Nos sœurs meurent. On nous tue parce que nous défendons la Pachamama. Il est donc de notre devoir de faire entendre notre voix. Et de toujours tisser des liens entre la jeunesse et la jeunesse accumulée. Nous ne nous qualifions pas de personnes âgées, mais de jeunesse accumulée. Ces liens doivent être tissés, car les jeunes nous donnent leur force, avec toute leur énergie et leur espièglerie. Et nous leur transmettons le savoir et la sagesse acquis au fil de notre parcours. Nous devons donc avancer ensemble avec toute cette force.
Fleurir malgré la guerre
Alors que la conférence s’achevait par un événement culturel public dans un parc près du lieu de la conférence, la musique s’éleva dans l’air de Bogotá. Les femmes s’étreignirent avant de partir pour les aéroports, les gares routières et les postes-frontières. Certaines retournaient dans des régions marquées par les conflits ou la répression. D’autres reprenaient leur travail d’organisation dans des contextes plus calmes mais tout aussi exigeants.
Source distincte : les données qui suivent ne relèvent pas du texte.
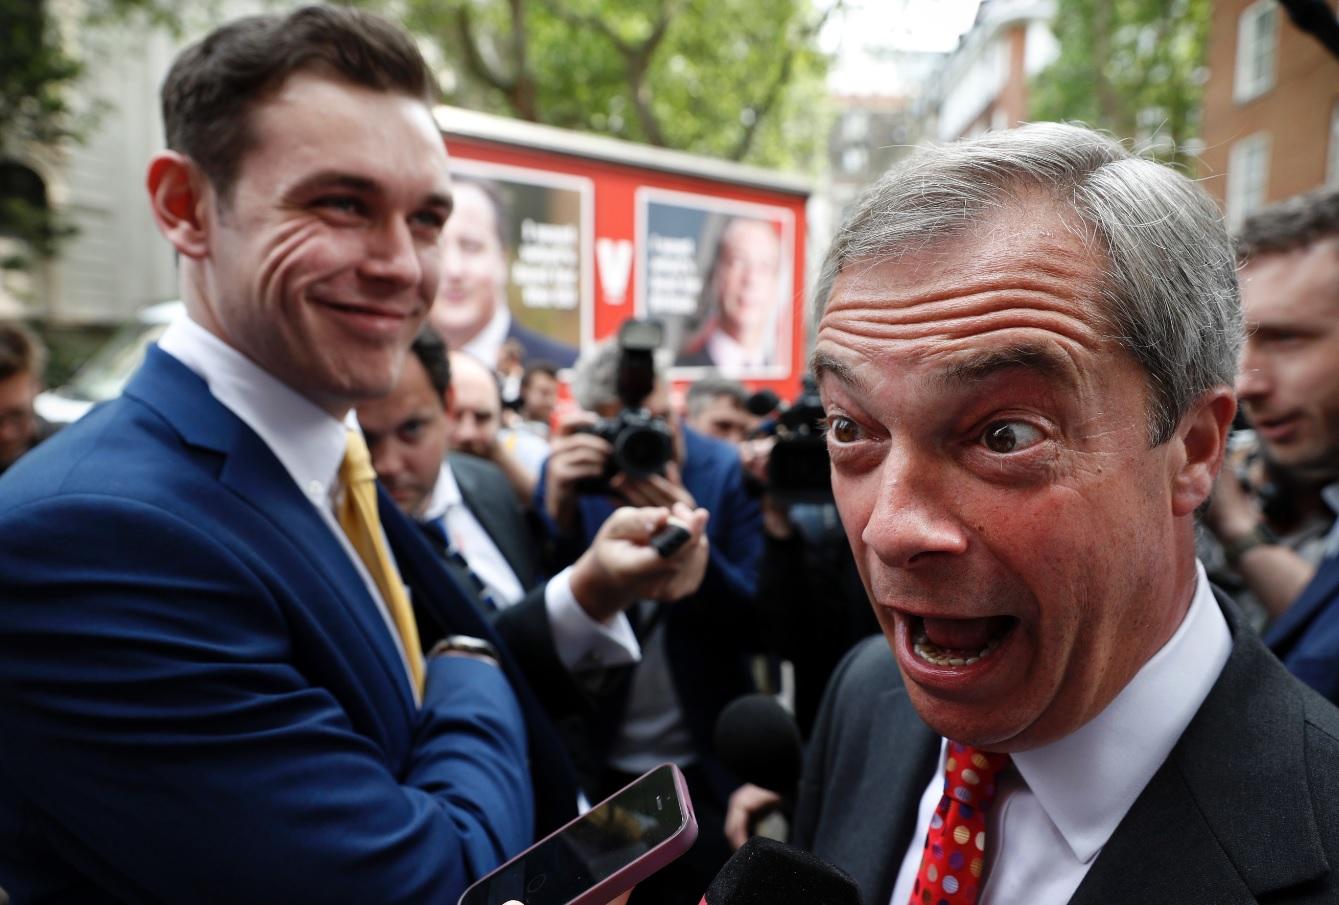 Michael Heaver and Nigel Farage

La devise restait en suspens : « Nous fleurirons, car la guerre ne peut détruire nos racines. » C’est à la fois une promesse et un défi. Fleurir ne nie pas la réalité de la violence ; cela affirme la continuité malgré elle. Après tout, les racines poussent sous terre, souvent invisibles. Elles s’entrelacent, se renforcent mutuellement et poussent vers le haut même après un incendie.
À Bogotá, des femmes d’Abya Yala, du Kurdistan et d’ailleurs ont affirmé que leurs luttes étaient liées. Elles ont nommé les systèmes qui menacent la vie et se sont engagées à résister collectivement. Elles ont honoré leurs mortes, célébré leurs cultures et élaboré des plans pour l’avenir.
Dans un monde fracturé par l’exploitation et la guerre, elles ont choisi de tisser des liens.